In the absence of knowledge to the contrary, defendants are entitled to the protection of the ordinary presumption that the person in whose name an account stands is the party in interest from whom instructions are to be taken ” (Timpson v. Allen, 149 N. Y. 513, 519-520). Or, phrased somewhat differently, Judge Andrews restated the presumption thus (Kittredge v. Grannis, 244 N. Y. 168, 177, supra):

1 ‘ Assuming, therefore, that there was a conversion . of these bonds by [plaintiff’s broker], or that in the sale there was a breach of faith amounting to fraud, the next question to be considered is exceptions touching the question as to whether [the defendant brokerage firm] became holders in good faith. As to them we start out with the presumption that the brokers having possession of these negotiable instruments had the right to sell them.
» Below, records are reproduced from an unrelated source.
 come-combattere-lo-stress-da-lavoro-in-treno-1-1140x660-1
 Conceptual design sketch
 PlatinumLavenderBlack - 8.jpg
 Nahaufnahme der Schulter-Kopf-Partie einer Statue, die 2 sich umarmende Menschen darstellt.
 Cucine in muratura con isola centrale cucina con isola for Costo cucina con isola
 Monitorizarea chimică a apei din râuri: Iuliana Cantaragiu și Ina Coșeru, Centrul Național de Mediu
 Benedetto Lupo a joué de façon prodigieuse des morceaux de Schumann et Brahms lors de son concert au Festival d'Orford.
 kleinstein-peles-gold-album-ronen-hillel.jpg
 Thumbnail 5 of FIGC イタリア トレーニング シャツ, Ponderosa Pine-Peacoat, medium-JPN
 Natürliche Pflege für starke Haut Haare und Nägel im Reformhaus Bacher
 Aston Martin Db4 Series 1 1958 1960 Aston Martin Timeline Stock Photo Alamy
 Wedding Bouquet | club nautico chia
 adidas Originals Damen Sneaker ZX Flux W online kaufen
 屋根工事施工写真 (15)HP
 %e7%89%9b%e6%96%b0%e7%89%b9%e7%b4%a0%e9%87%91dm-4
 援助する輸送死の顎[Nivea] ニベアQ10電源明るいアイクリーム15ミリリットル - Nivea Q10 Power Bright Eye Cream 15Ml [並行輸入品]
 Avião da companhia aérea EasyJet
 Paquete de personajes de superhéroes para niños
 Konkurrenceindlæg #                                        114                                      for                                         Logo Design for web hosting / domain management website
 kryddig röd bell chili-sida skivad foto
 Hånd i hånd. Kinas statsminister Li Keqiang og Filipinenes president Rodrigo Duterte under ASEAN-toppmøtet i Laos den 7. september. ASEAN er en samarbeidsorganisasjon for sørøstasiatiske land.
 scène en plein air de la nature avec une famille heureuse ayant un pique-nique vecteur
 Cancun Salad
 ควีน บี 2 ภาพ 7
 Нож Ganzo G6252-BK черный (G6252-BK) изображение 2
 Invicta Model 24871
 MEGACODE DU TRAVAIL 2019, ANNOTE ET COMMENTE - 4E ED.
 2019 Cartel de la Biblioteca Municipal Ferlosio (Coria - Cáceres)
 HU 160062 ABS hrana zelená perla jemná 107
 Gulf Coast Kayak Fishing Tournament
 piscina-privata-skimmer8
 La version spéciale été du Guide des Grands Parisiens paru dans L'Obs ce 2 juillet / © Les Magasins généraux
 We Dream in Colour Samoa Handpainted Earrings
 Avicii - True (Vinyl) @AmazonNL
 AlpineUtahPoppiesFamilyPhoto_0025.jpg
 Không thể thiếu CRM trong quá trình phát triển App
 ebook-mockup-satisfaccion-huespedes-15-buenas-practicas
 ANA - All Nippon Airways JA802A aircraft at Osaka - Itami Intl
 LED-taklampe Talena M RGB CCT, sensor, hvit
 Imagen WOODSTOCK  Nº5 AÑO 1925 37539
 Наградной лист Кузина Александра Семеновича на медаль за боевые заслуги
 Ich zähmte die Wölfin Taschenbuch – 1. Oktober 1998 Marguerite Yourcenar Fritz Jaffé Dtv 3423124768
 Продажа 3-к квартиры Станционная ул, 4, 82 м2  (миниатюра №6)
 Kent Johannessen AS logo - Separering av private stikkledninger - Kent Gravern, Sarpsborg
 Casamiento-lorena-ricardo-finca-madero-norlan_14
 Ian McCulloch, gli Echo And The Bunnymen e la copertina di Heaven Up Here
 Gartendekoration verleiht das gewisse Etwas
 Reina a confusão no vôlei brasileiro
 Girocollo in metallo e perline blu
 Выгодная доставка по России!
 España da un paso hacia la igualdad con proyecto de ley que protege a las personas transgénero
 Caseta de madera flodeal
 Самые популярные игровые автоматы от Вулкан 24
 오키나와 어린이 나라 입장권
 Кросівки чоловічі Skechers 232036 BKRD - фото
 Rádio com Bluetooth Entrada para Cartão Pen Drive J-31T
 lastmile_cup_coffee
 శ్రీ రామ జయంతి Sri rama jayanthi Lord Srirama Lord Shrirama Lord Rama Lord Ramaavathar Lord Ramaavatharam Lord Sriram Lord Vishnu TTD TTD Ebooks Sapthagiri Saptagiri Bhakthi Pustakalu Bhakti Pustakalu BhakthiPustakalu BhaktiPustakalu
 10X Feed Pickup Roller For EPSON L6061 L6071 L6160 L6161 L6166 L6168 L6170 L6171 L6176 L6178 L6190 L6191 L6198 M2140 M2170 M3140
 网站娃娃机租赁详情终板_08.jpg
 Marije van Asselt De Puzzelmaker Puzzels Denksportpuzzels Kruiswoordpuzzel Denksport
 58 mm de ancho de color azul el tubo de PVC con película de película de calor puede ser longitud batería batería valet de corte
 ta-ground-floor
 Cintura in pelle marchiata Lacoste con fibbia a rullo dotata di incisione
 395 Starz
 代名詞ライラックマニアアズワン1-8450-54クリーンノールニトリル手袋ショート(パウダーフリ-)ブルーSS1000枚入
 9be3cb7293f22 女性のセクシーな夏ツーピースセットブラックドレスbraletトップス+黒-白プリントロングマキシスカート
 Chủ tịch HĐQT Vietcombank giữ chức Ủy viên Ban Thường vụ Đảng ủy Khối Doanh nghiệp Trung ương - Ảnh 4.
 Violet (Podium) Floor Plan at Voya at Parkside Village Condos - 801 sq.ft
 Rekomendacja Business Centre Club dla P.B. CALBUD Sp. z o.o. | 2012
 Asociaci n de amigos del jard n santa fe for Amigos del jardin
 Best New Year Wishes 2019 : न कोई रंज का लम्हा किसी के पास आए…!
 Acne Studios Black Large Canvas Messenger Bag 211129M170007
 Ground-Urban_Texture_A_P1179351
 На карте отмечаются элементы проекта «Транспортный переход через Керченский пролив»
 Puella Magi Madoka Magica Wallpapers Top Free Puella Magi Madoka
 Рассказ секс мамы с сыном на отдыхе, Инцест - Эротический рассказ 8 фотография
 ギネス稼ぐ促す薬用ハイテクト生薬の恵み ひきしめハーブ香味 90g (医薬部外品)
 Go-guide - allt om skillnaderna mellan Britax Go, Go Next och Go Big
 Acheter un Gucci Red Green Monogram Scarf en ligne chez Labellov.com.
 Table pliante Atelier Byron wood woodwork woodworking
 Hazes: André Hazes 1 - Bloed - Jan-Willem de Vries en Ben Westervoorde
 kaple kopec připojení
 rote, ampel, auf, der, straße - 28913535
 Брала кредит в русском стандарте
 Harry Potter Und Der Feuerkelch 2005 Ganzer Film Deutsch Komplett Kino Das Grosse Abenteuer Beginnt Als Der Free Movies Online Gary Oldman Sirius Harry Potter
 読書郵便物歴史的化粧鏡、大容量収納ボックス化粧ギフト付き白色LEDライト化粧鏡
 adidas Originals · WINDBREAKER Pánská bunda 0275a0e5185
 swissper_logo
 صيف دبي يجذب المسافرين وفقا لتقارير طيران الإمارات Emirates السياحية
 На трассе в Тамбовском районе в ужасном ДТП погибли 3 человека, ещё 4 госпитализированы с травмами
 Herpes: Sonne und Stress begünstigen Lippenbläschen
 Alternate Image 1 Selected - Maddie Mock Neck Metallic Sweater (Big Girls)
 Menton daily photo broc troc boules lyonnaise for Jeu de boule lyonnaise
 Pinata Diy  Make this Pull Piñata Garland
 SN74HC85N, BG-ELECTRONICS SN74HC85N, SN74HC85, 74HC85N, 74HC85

They had presumably also the right-to pledge them for the amount due from the customer, and the pledgee taking them in due course might assume that the pledge was of right. In the absence of knowledge to the contrary or of facts which required inquiry [defendants] might rely upon these presumptions.”

That the pledge was unauthorized and constitued a conversion, or that the stock pledged was wholly paid for by the wrongdoer’s customer, does not alter the fact that title thereto was subject *503to the lien of the innocent pledgee for value (Le Marchant v. Moore, supra; Willard v. White, supra). Indeed, in Turnbull v. Longacre Bank (249 N. Y. 159, 164-165), we recognized the negotiable character of stock certificates, and held that an innocent pledgee for value from a thief was entitled to retain the stolen securities subject to the true owner’s right to redeem the pledge by paying the debt for which the certificates were collateral security.

Applying these principles to the instant case, it is manifest that the crucial issue is whether defendants had knowledge that Mendoza was not privileged to pledge the securities in question. This question is not one that may be answered on the basis of the present record, since the parties’ affidavits are in direct conflict on each point which might tend to resolve the issue one way or the other. Credibility of affiants is for the trier of facts, and may not be determined by the court on a motion for summary judgment (Di Donna v. Sachs, 9 A D 2d 576; Bernstein v. Kritzer, 224 App. Div. 387, 389).

We have in this case no evidence of custom or usage, nor do we have the testimony of Mendoza, the Cuban broker, with whom plaintiff had other accounts. It should be noted that defendants’ answer was served on November 7, 1960. They promptly served a demand for a bill of particulars which was furnished on November 17, 1960. Just eight days later plaintiff moved for summary judgment. In the meantime, defendants were trying to contact Mendoza, but efforts to communicate with him in Cuba failed in the short interval between service of the bill and the motion for summary judgment. We are told he is now in this country, and that11 his testimony could clarify the issues presently obscure ’ ’.

For all of the foregoing reasons, the judgment appealed from should be reversed and the motion for summary judgment denied, with costs.

Judges Dye, Burke and Foster concur with Judge Fuld; Judge Froessel dissents in an opinion in which Chief Judge Desmond and Judge Van Voorhis concur.

Judgment affirmed.

. That agreement provided that defendants “are acting as broker for” Mendoza “ and not for any other person, and that ” Mendoza “ is liable to you for all commitments incurred and amounts due on transactions in said account ”.